I would tell your soon to be ex wife to run for the hills. She deserves so much more than you are willing to give her. Stay in counciling and figure out your issues. Then maybe you can have a real relationship built on trust and respect.


----------



## underwater2010

TryingToReconcile said:


> She will only do things with me if she has no choice. Like attending one of our kids sporting events. Time out together just the two of us is not something she's even remotely interested in. We barley talk. I'm doing my best not to argue with her or beg or cajole about MC anymore. I'm just trying to be present and show verbally and trough actions that I'm committed to being there for her and our kids no matter what.
> _Posted via Mobile Device_


Do you blame her? I would not even want you in the same house. Those poor kids.


----------



## underwater2010

I know my posts sound harsh, but there is nothing you can do but grovel and tell/show her you love her. DO NOT expect anything in return. Only she can decide if you are worth another chance. You have learned a hard lesson, to bad it took a second smack upside the head for it to sink in.


----------



## daisygirl 41

She's probably wondering how many others times its happened to!
_Posted via Mobile Device_


----------



## bribrius

hmmm. i dunno.
you kind of deserve this, as already mentioned repeatedly.

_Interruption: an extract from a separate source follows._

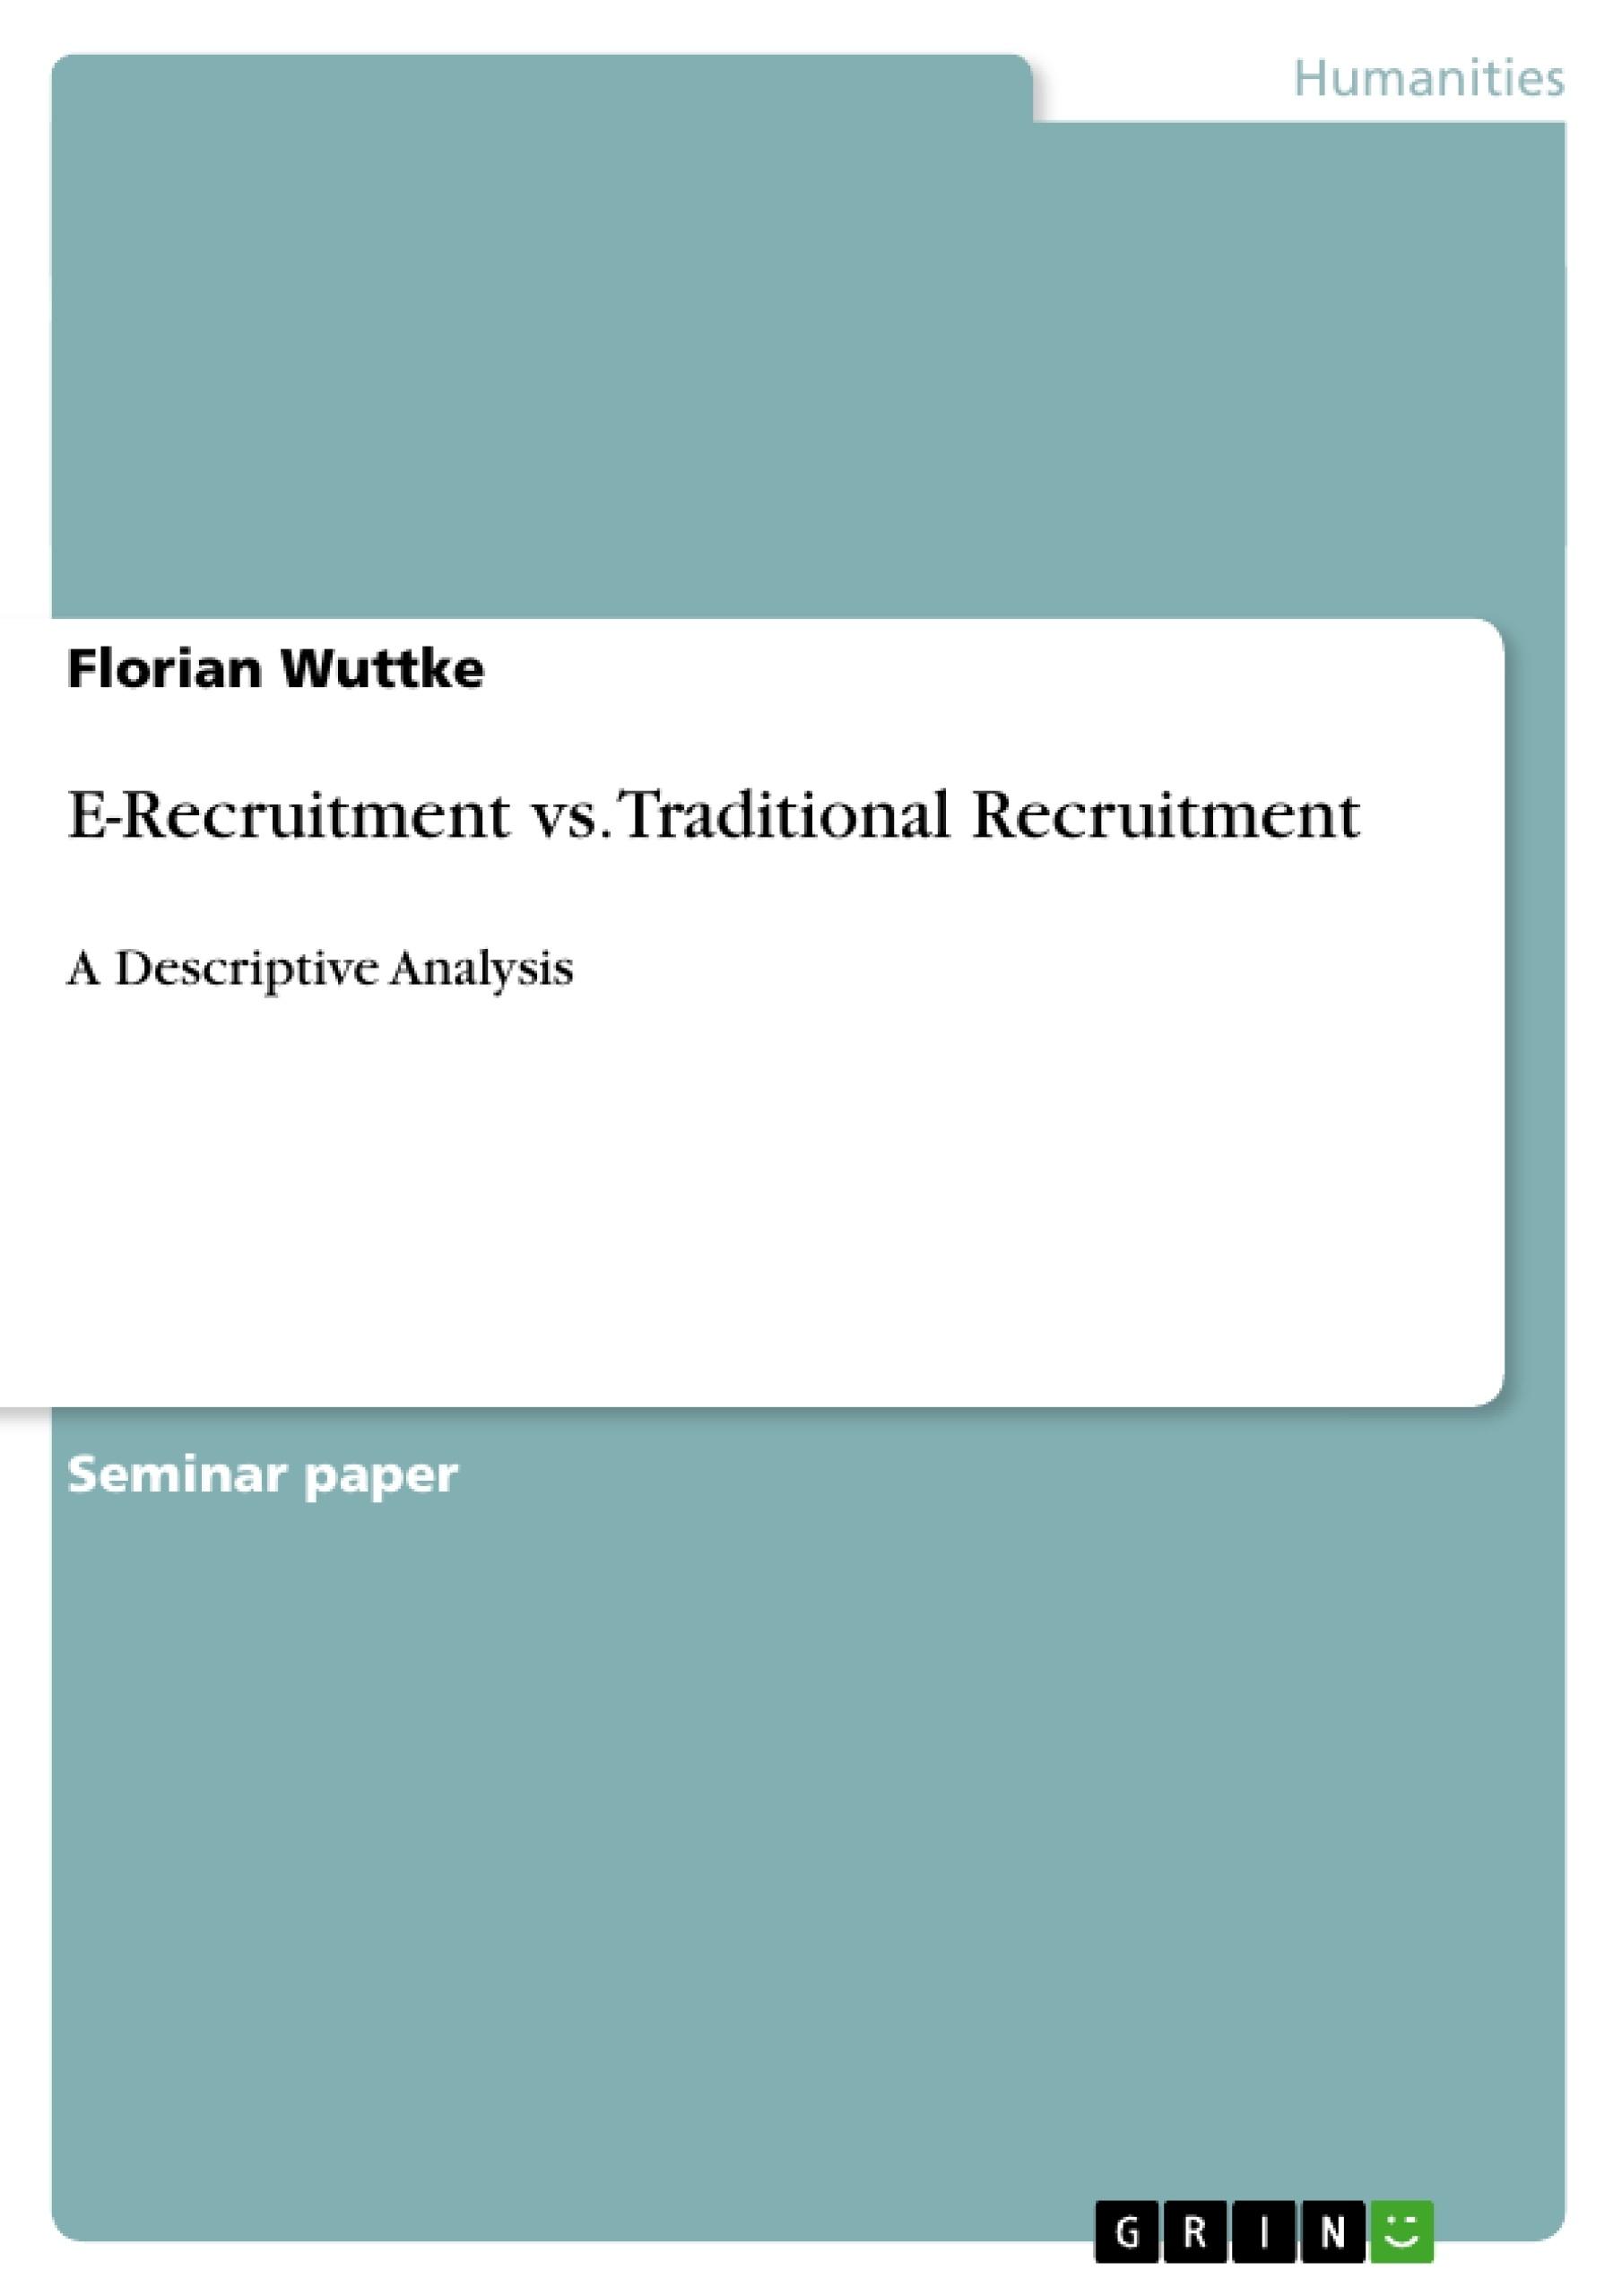 Title: E-Recruitment vs. Traditional Recruitment
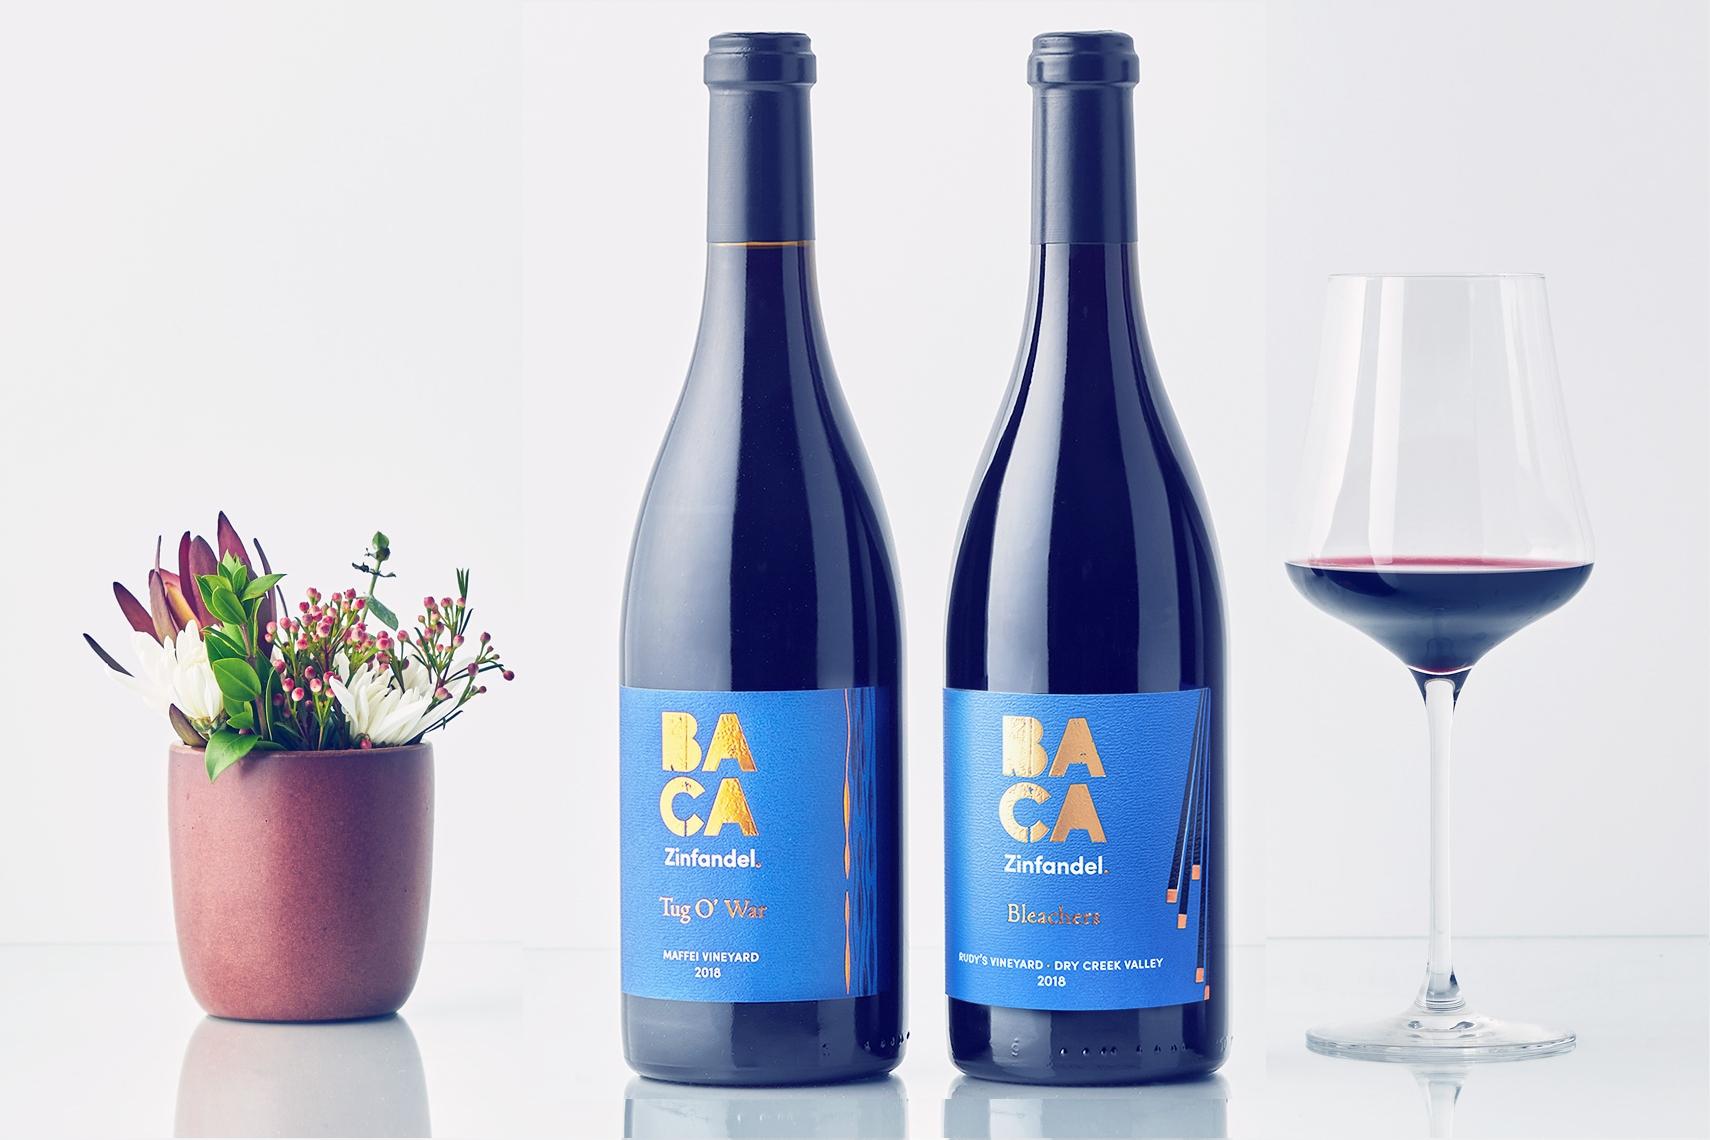 BACA Members 3Rd Quarter 2020 Club Shipment image of two bottles of BACA Zinfandel

About the only thing i can think of is a post nup. Which might only work if you have anything worth anything. Last chance post nup. Have a lawyer draw it up. In it sign away EVERTHING to her that you own on the grounds of in case you do it again, she walks with it ALL.
Explain it to her, you are willing to put everything you have up, or that you might get out of a divorce up, for one last chance.
And if you screw up then, you lose it all.
She may not even take that, but it might give her something to believe you by if you have something to lose and then you are taking more risk. Double down your bet, sort of speak. If you have two hundred k in your retirement, maybe a hundred k in home equity. Your next stupid mistake just cost you a minimum of a 150k for you online affair plus whatever else and child support perhaps.


----------



## Hope1964

TryingToReconcile said:


> If I wanted to be told off I would have written this to my wife. If you can't say anything positive or constructive please don't interact with me. I'm looking for answers to the most painful problem I've ever had in my life, not reinforcement of how worthless I already feel for the pain I've inflicted on my wife and family. I'm doing a fine job of that on my own.
> _Posted via Mobile Device_


I am not trying to tell you off. I am telling you the truth. I am sorry you don't want to hear it.

The pain you are feeling is nothing compared to what your wife is feeling. but I do know something of your pain. I am currently reconciling with my WH and I see what he goes through.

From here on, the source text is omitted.